TimesEV: ESI Automotive has achieved success in various segments of automotive, with great success comes great challenges. Our readers would like to know about the challenges you face in the journey of ESI Automotive.
Sharan Aiyappa: We can summarize the challenges using CASE principals:
- Coaching automotive engineers in understanding the benefits of using advanced materials to replace traditional solder assembled joints. This helps answer ‘consumer range anxiety’; meaning concerns about running out of power while driving an electric car. Our improved materials used in power electronics and inverter technology are a solution to this.
- Electronic component performance in harsh weather conditions. Autonomous vehicles need circuity which withstands both harsh weather conditions and constant use. For example, there are similarities to the tiny smartphone PCBs to those in-vehicle cameras. The twist is that cameras for cars are in continuous use. Also, the level of reliability is much greater. Creating hardware using innovative advanced circuity and joining materials enhances reliability. Engineers are beginning to understand this now.
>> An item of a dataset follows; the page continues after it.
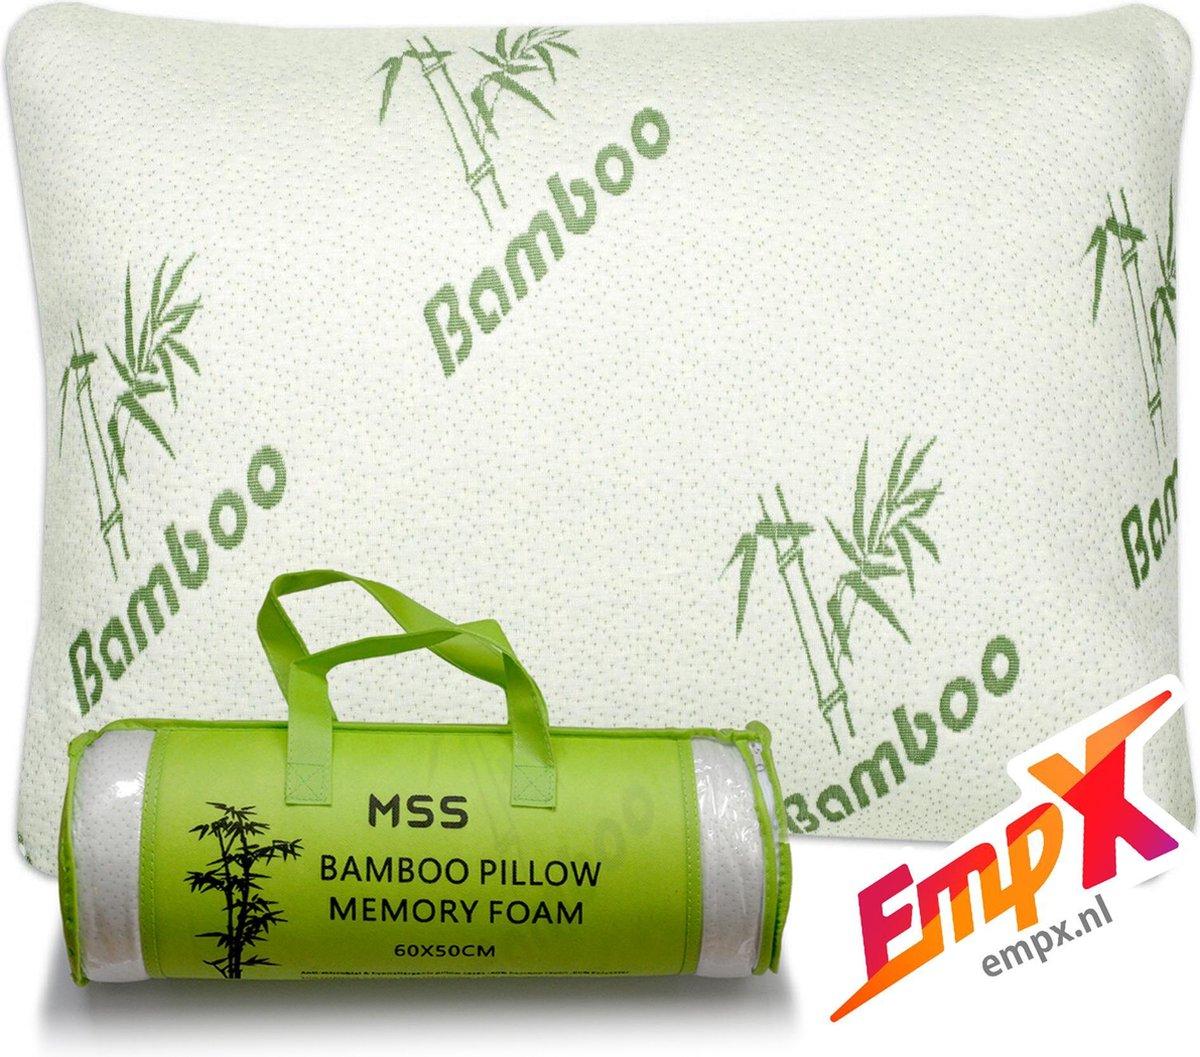 Bamboe kussen - MSS Bamboo Kussen - Origineel Bamboo Kussen - Cool Comfort - Memory Foam - Zacht, Ko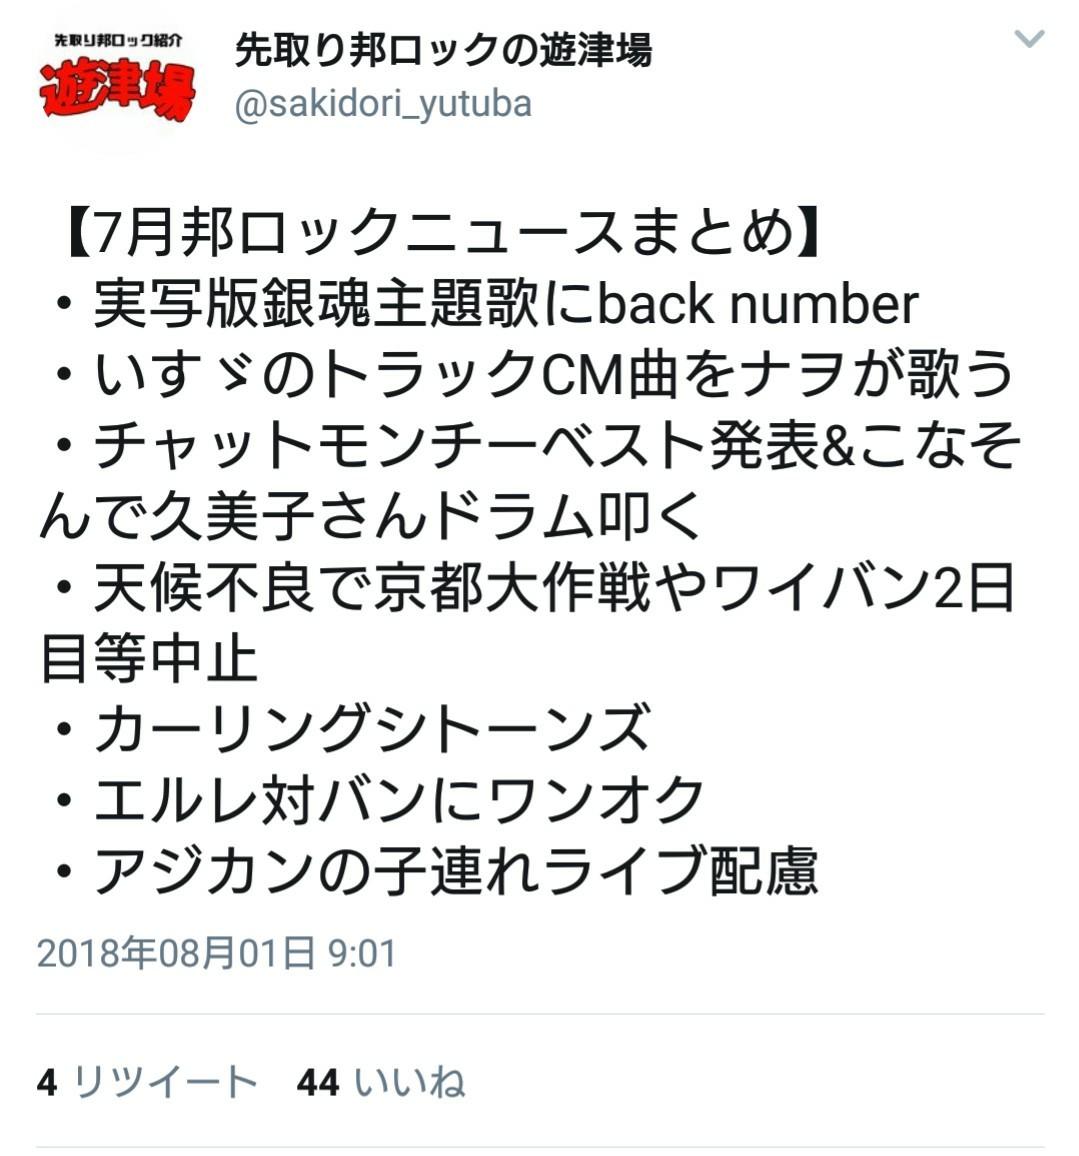 f:id:sakidoriyutsubarock:20181213223821j:plain

- The increased expense of connected technology. Today, designers think in terms of interior displays and electronics as separate entities. Innovative technology allows us to integrate displays, circuitry and joining technology. Combined these improve component consistency, extend product life, and reduce weight. This means using new materials at the design stage today for the next generation model builds.
- COVID-19 changing behaviors to shared mobility. Concerns over vehicle cleanliness are changing perceptions of shared mobility. Our solution regarding interior cleanliness may be found in quick-service restaurants. As vehicle interiors incorporate more smart surface displays, coatings will become more functional. They will also need easier-to-clean properties. These are issues that can be addressed using our hard-coated films containing built-in antimicrobial protection”.
TimesEV: We would like to know about your expansion plan for the future.
Sharan Aiyappa: In-mold structural electronics, this market is set to grow globally to over $1.1 billion within the next decade. We will be part of the growth, both in India and worldwide, with our ability to integrate structural electronics into our hard coated films. Why am I confident this technology will come to India? Well, similar to a smartphone, consumers are demanding the replacement of mechanical switches with touch-sensitive and fully integrated displays. In addition to the space and weight-saving, it can also offer a more sanitized surface eliminating the need for dust-trapping bevel edging, an issue that barely registered with consumers pre-COVID.
In terms of integration, today bonding of the electronics to the back of a flexible substrate is the current technology. Now we are looking to introduce two-film solutions, and ultimately a single film free of “ghosting,” so that circuitry underneath cannot be seen. These represent major technology advances for interior designers, giving them more freedom to create wrap-around displays and eliminate components such as wing mirrors. Combined they improve the consumer experience, reduce weight, and improve vehicle aerodynamics.